- Input for this task -
+---+

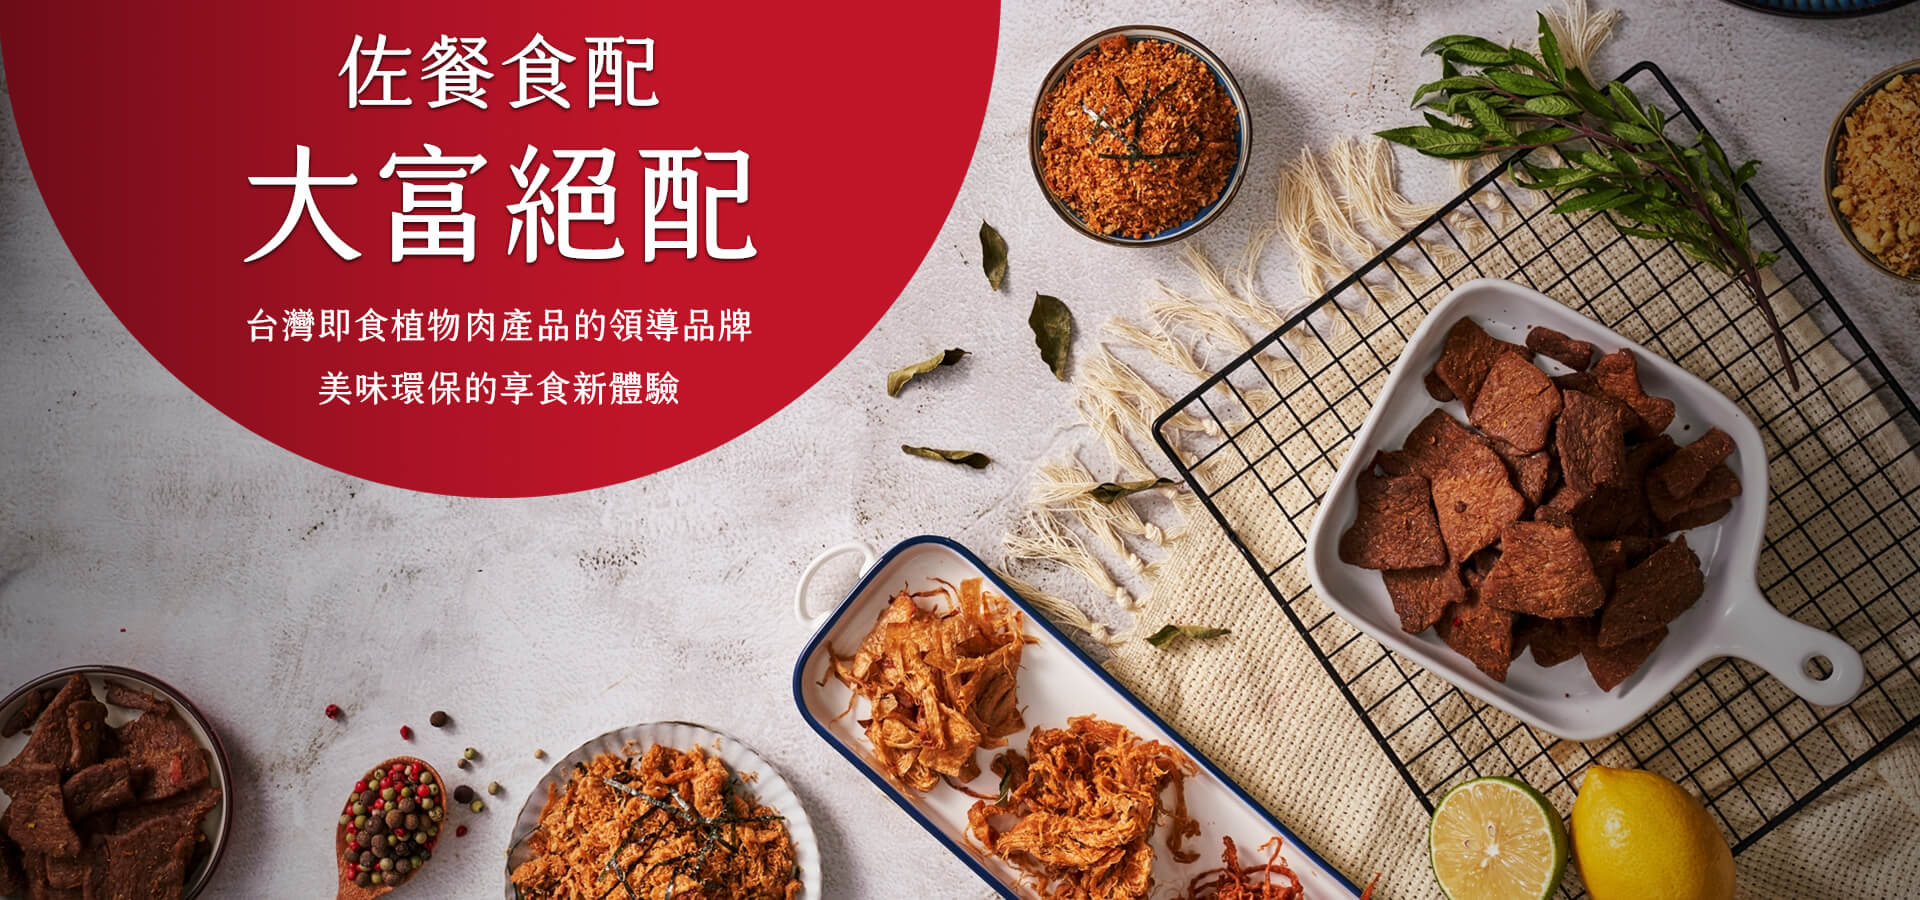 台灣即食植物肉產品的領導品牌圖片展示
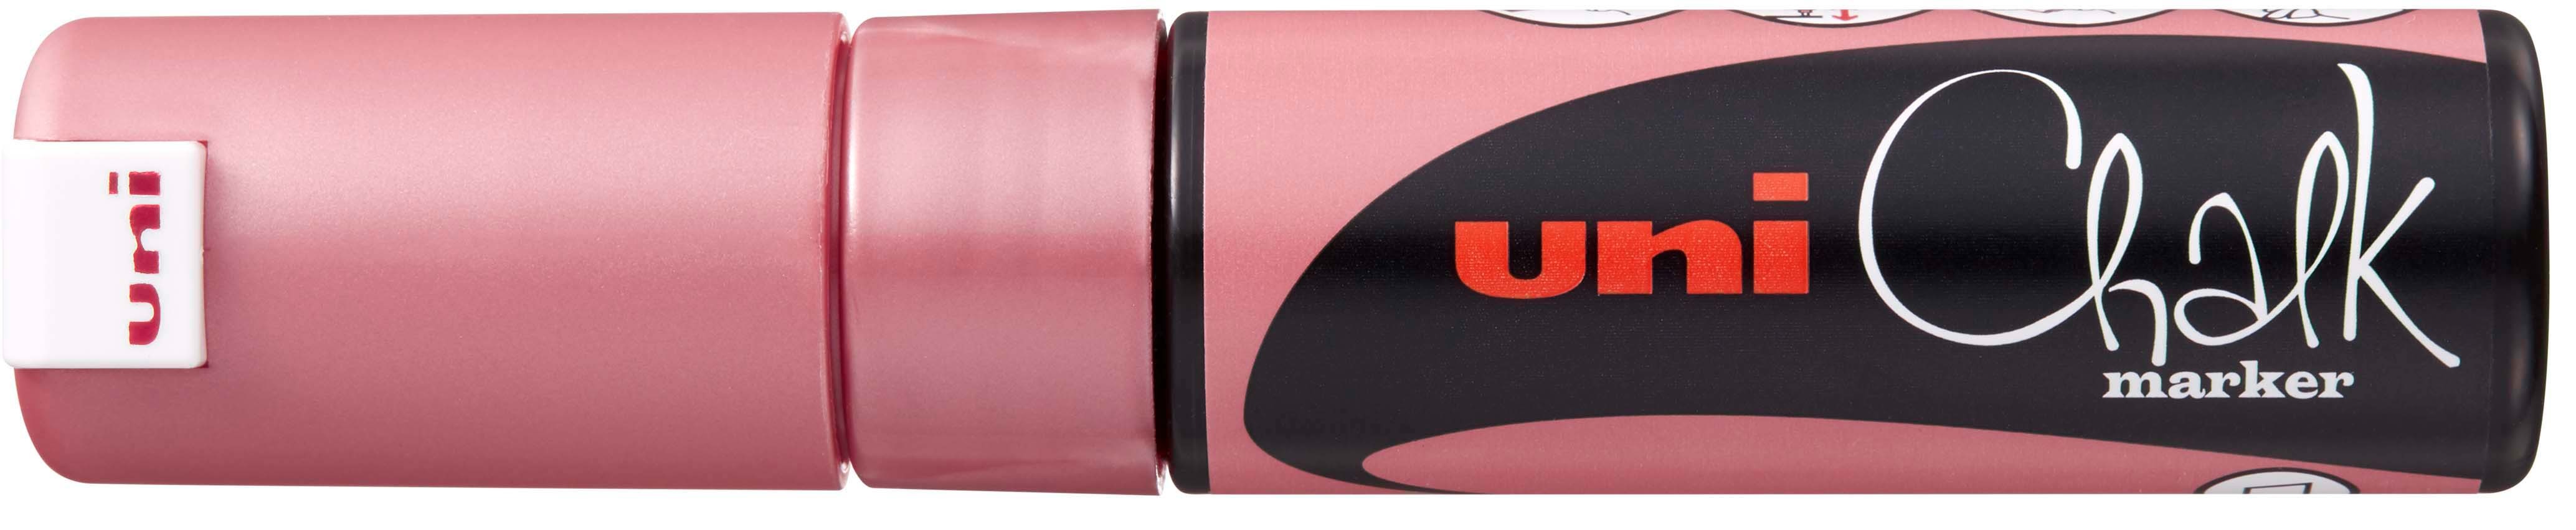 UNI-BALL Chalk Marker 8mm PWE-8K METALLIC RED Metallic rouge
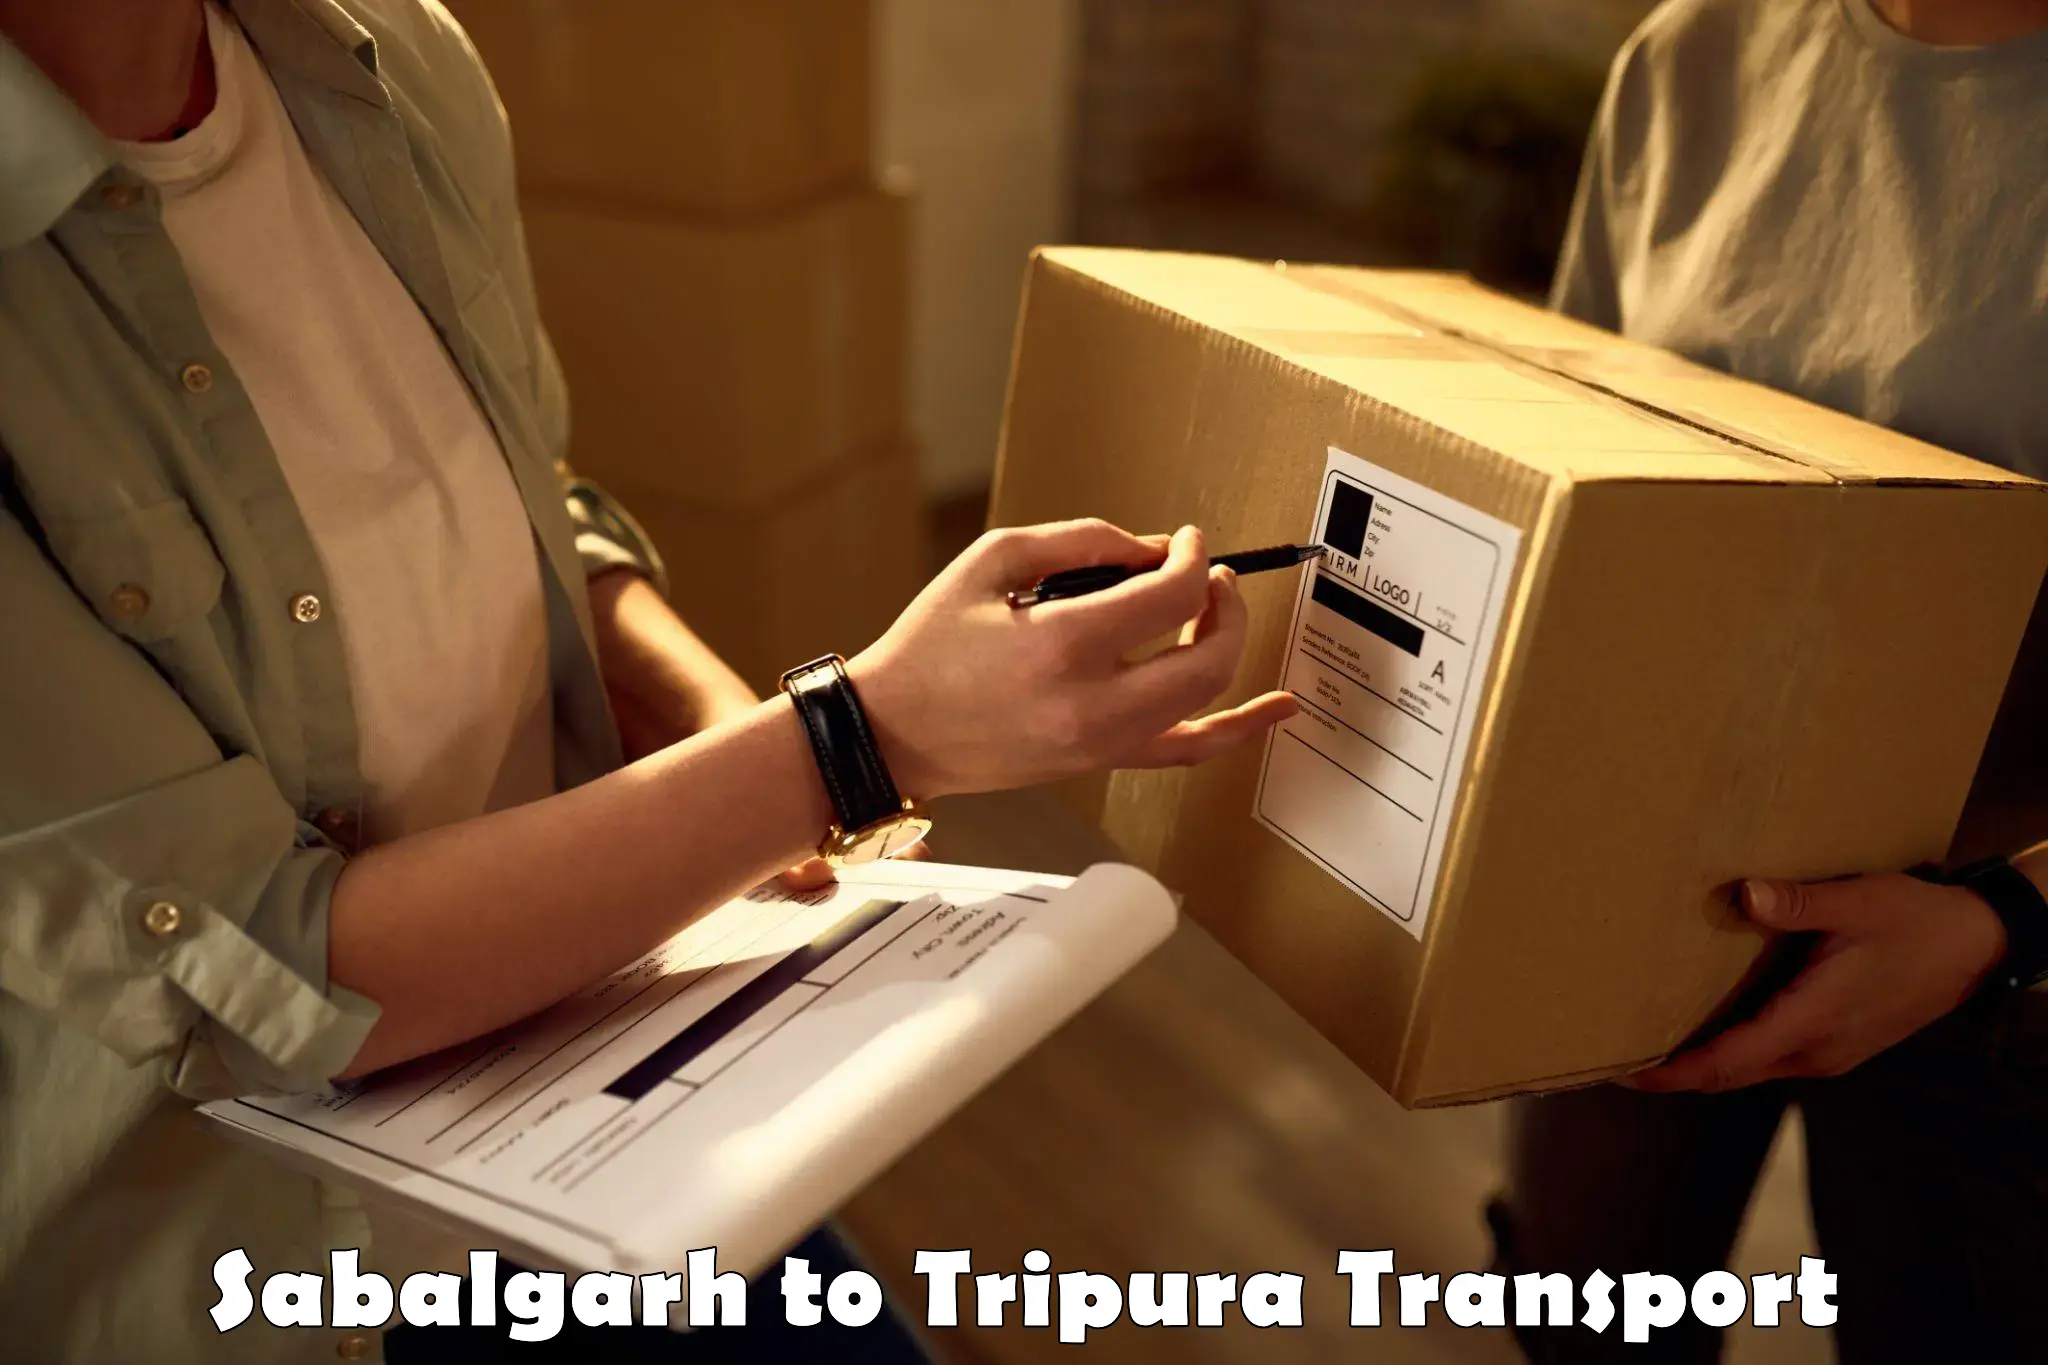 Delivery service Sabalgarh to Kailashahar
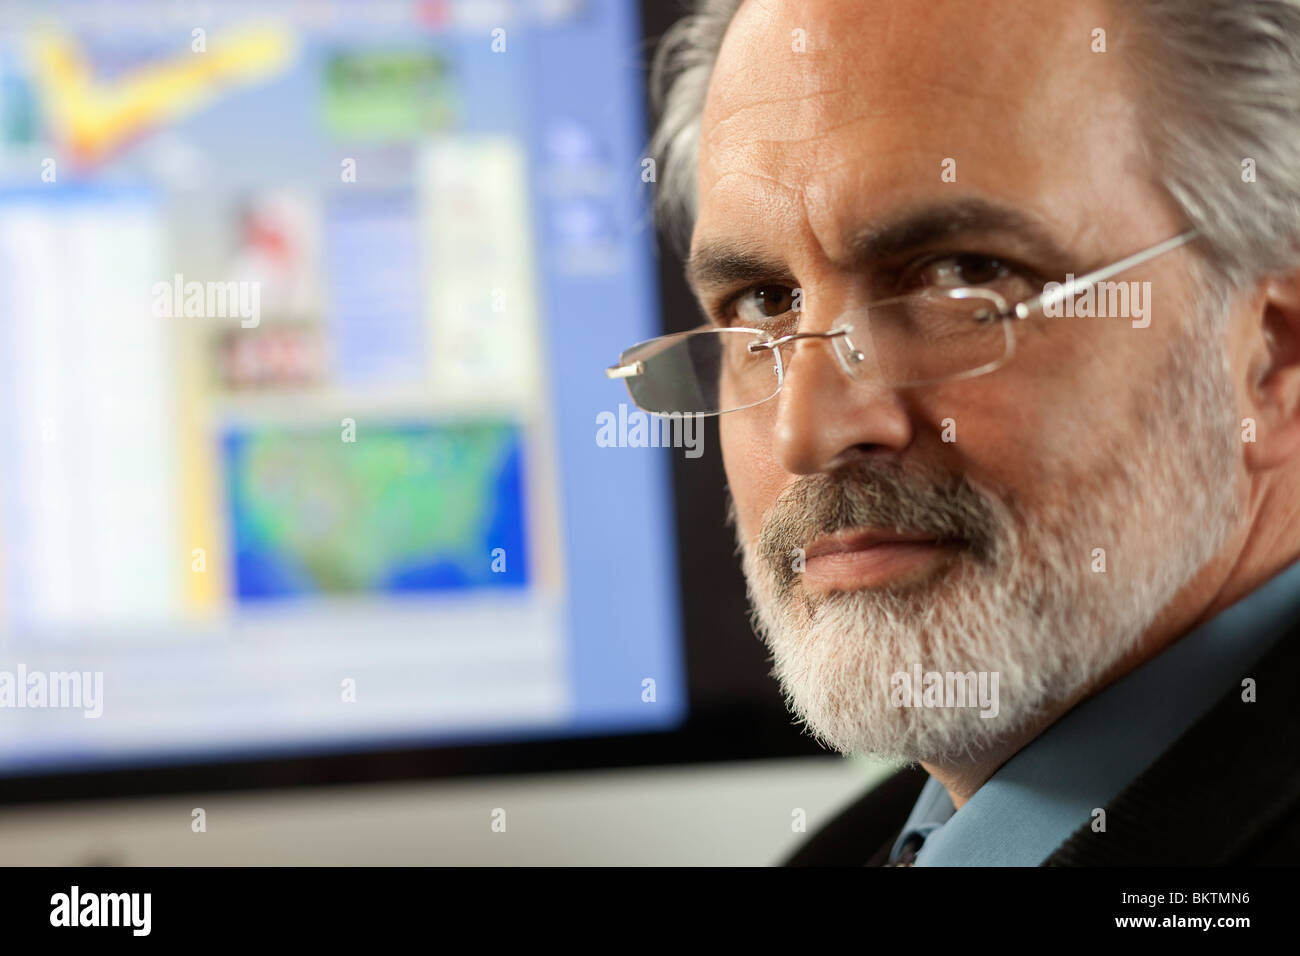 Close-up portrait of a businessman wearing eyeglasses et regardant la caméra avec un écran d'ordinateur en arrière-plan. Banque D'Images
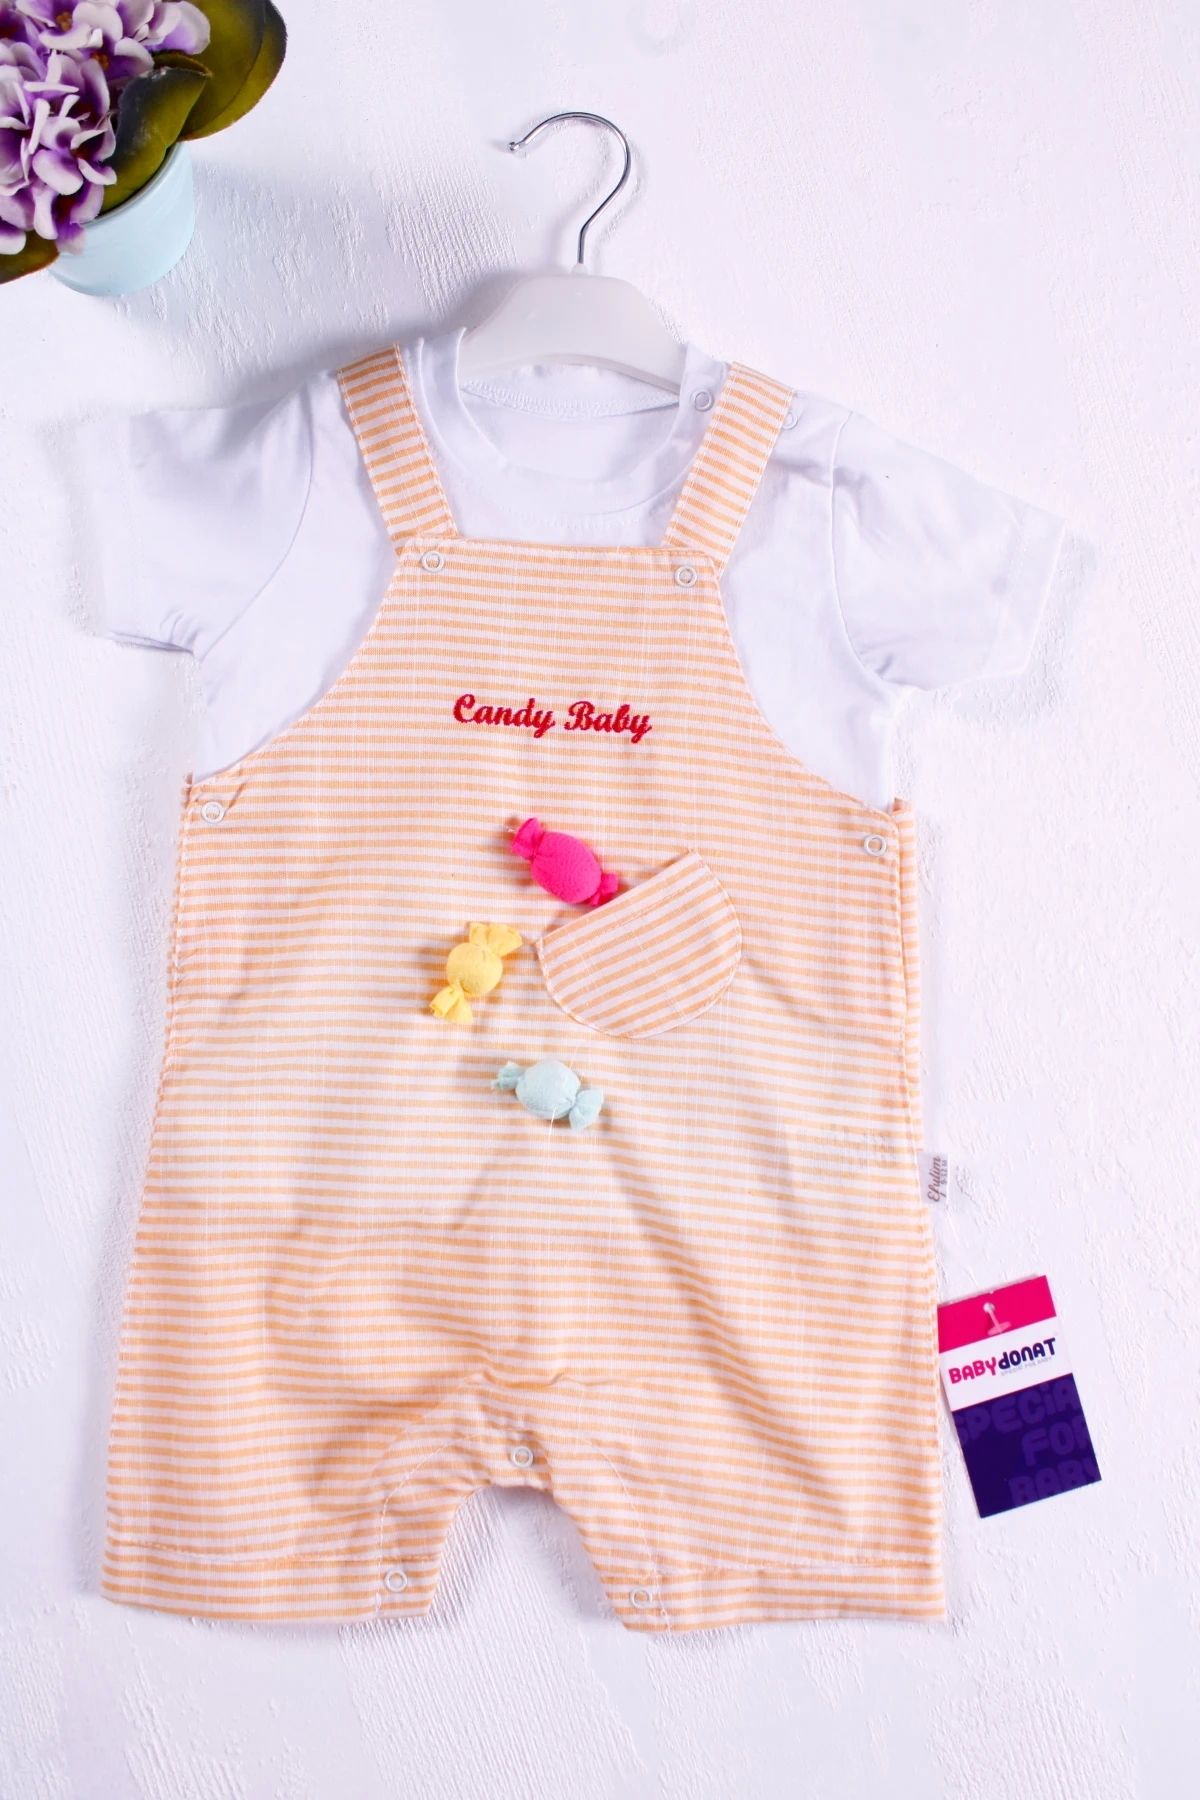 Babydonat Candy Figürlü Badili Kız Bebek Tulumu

+---+

- What the task requires -
Copy exactly, leaving out pictures, the lines from the line containing "Delivery service Sabalgarh to Kailashahar" through the last line of the records.

- Solution to the problem -
 Delivery service Sabalgarh to Kailashahar
 Close-up portrait of a businessman wearing eyeglasses et regardant la caméra avec un écran d'ordinateur en arrière-plan. Banque D'Images
 Babydonat Candy Figürlü Badili Kız Bebek Tulumu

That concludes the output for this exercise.